これは一筋縄ではいかない不思議なテイストの作品だ。私の感覚では、傑作とまでは云えないが、力のある映画ではある。舞台はセネガルのダカールで、冒頭は建設現場のロングショット。
ゑぎ

 作業員たちが事務所へつめかけ、給料の遅配を抗議する。このあたりは、ドキュメンタリータッチと云っていい演出が続く。後景の巨大なタワーの外観が目立つ画面。序盤は、作業員の中の一人の男性−スレイマンが主人公かと思う。

 帰宅途中のスレイマンが描かれる場面。彼の見た目で、道路を挟んだ向こう側に、フラッシュのように女性が映る。これがアイダ(発音的にはアーダ)。二人は海に近い人気のない建物の中で抱き合う。続きは夜、と云って別れるアイダ。この二人のラブロマンスになるのかと思わせるのだが、こゝから、主人公はアイダに移行し、スレイマンは退場してしまう(以降出てこない)。なんか、こういう膝カックンな人を食ったプロット展開が続くのだ。

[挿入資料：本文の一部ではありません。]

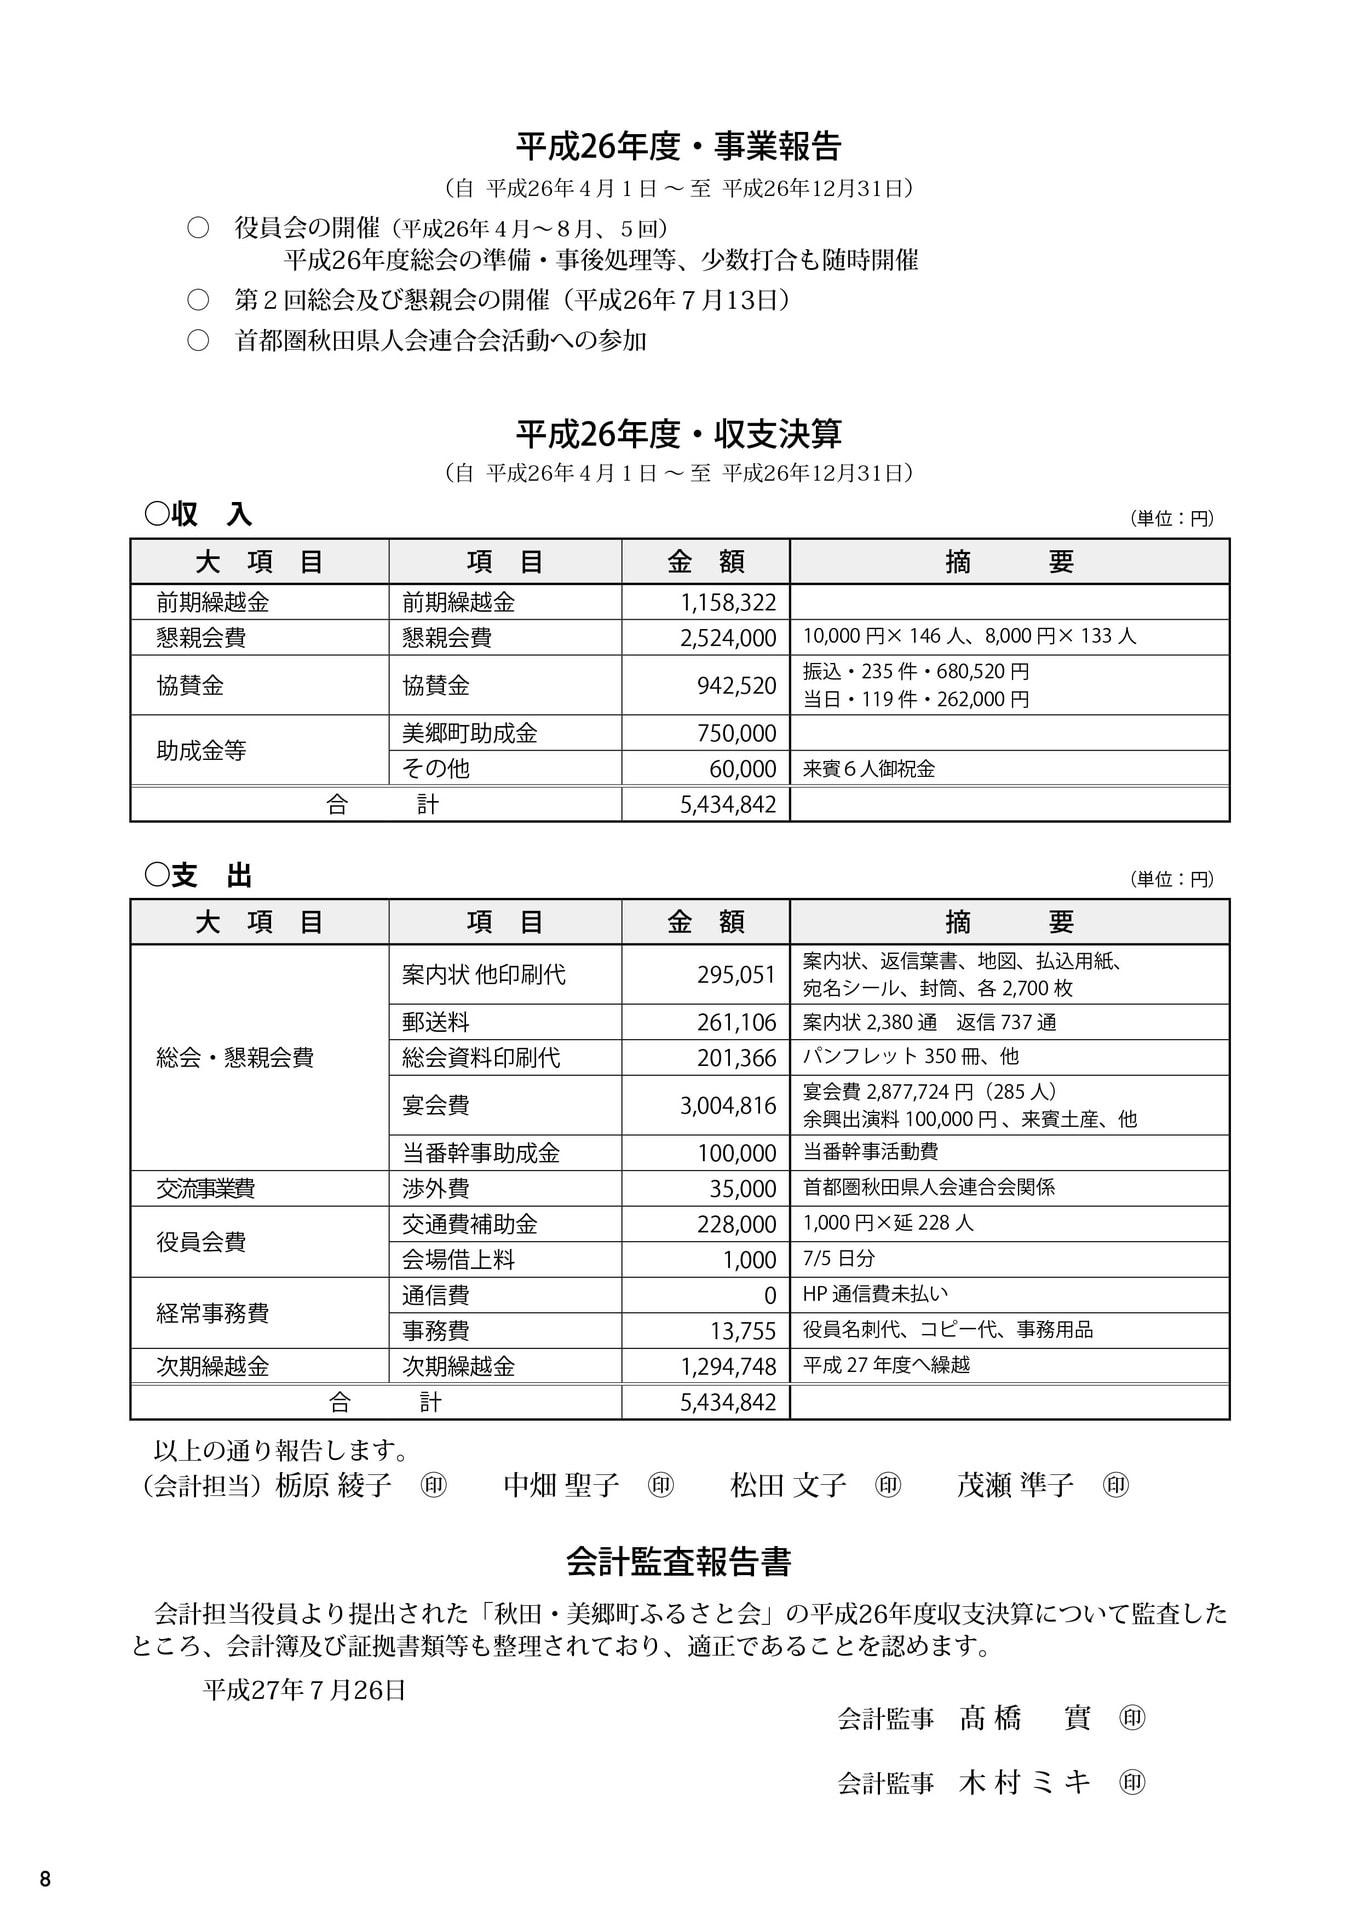 第3回秋田・美郷町ふるさと会パンフレット(事業報告、収支決算、会計監査報告書)

 アイダには、オマールという名の親の決めた(お金持ちの)婚約者がおり、結婚を余儀なくされるのだが、婚礼の夜に、新居の放火事件が起こる。これによって、もう一人の主人公とも云うべき警部補が登場し、犯罪映画(ミステリー)の様相を呈して来る。しかし、この警部補のキャラが体調不良で汗だく、というのが変なところだ。さらに、終盤は死霊まで出現するという展開で、もう唖然としてしまうのだが、まったく大真面目に、しかも図太い演出で見せるので、興味深く見てしまったのだ。ただし、死霊が憑依する対象(人間)は、けっこういい加減に感じられるのだが。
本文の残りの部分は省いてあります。